Washington: Gina Haspel, President Donald Trump’s choice to lead the CIA, offered assurances that if she gets the job, the spy agency wouldn’t resort to waterboarding and other techniques that she once helped supervise and critics call torture.

“Having served in that tumultuous time, I can offer you my personal commitment, clearly and without reservation, that under my leadership CIA will not restart such a detention and interrogation program,” Haspel plans to tell the Senate Intelligence Committee at her confirmation hearing on Wednesday, according to excerpts released on Tuesday night.

Haspel’s opponents, including human rights groups and some former military and intelligence officials, say the Central Intelligence Agency hasn’t fully disclosed her role in “enhanced interrogation” programs after the September 11 terrorist attacks.

In 2002, Haspel oversaw a secret agency prison in Thailand, where the New York Times reported that an Al Qaida suspect, Abdul Rahim Al Nashiri, was waterboarded three times. She also wrote a memorandum approving the shredding of videos that documented such methods.

“I understand that what many people around the country want to know about are my views on CIA’s former detention and interrogation program,” Haspel said in the excerpts released by the agency, where she has served as acting director since Mike Pompeo became secretary of state. “I have views on this issue, and I want to be clear.” But the excerpts offered no further statements, except for the pledge not to restart such a program.

Senators are sure to press her to say more about her views and about her role in interrogation methods that have since been banned.

Senator Ron Wyden of Oregon, a top Democrat on the Intelligence Committee, said after meeting with Haspel on Tuesday that he plans to vote against her confirmation.

“The administration is still unwilling to declassify information that I believe the American people have a right to have and will in fact answer the key questions, which is what was the nominee’s role during this crucial period and what sort of person is she?” Wyden told reporters.

Trump defended Haspel in a tweet on Tuesday, saying “This is a woman who has been a leader wherever she has gone. The CIA wants her to lead them into America’s bright and glorious future!”

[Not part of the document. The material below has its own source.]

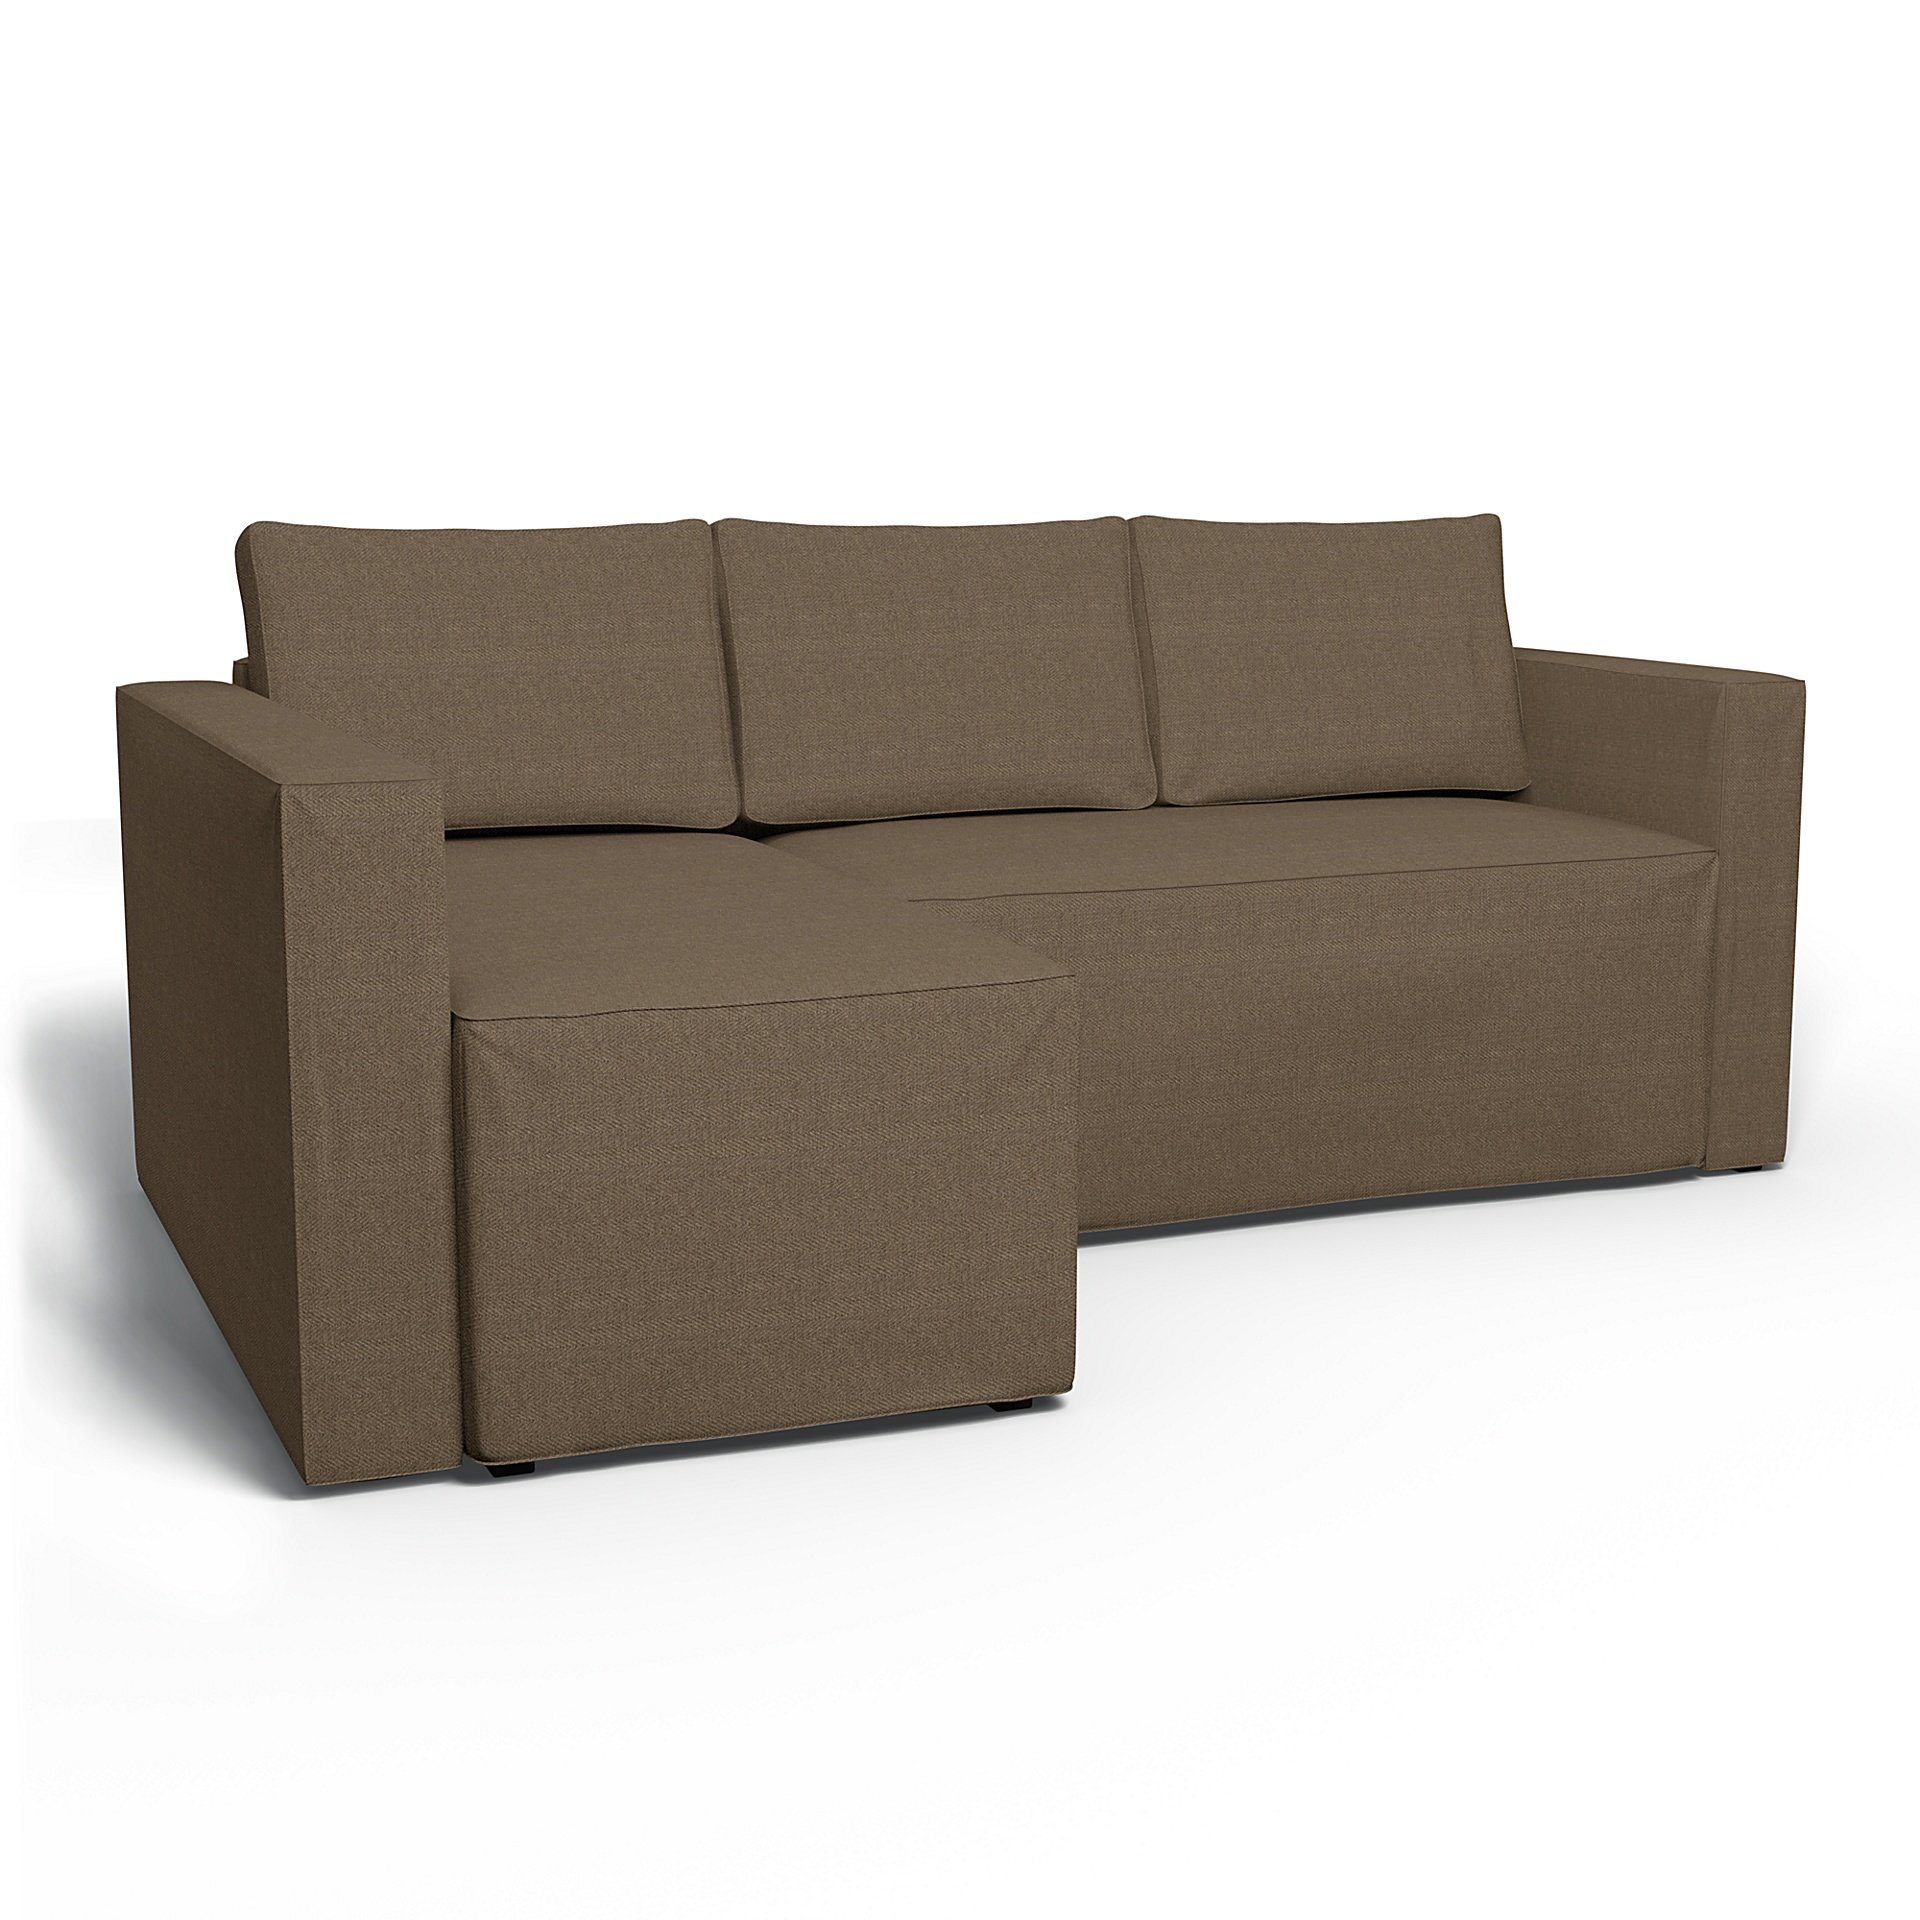 IKEA - Manstad Sofa Bed with Left Chaise Cover, Dark Taupe, Boucle & Texture - Bemz

Haspel, who’s expected to testify in both open and closed sessions on Wednesday, noted the historical marker she would achieve as the agency’s first female director. Noting there were few women in senior roles when she joined the CIA in 1985, she said she’s tried to do her part to change that “quietly and through hard work — to break down those barriers.”

‘Dead Drops’

Haspel, 61, also made it clear she relished the classic spywork she engaged in earlier in her career.

“I excelled in finding and acquiring secret information that I obtained in brush passes, dead drops, or in meetings in dusty back allies of Third World capitals,” she said in the prepared testimony. “I recall my first foreign agent meeting was on a dark, moonless night with an agent I’d never met before. When I picked him up, he passed me the intelligence, and I passed him extra money for the men he led. It was the beginning of an adventure I had only dreamed of.”

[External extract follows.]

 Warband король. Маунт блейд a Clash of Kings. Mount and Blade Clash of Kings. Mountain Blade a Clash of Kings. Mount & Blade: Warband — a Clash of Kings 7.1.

But the interrogation methods are still certain to be at the forefront of debate on Wednesday. While many past CIA and military officials have vouched for Haspel, others are among her critics.

Ali Soufan, a former FBI special agent, said the interrogation techniques did amount to torture and were counterproductive in gathering intelligence.

“I cannot believe after all these years, we’re still talking about this and we are re-fighting this battle again,” he told reporters on a conference call Tuesday set up by opponents of Haspel’s nomination. “She has a lot of baggage that will further stain our reputation in the world.”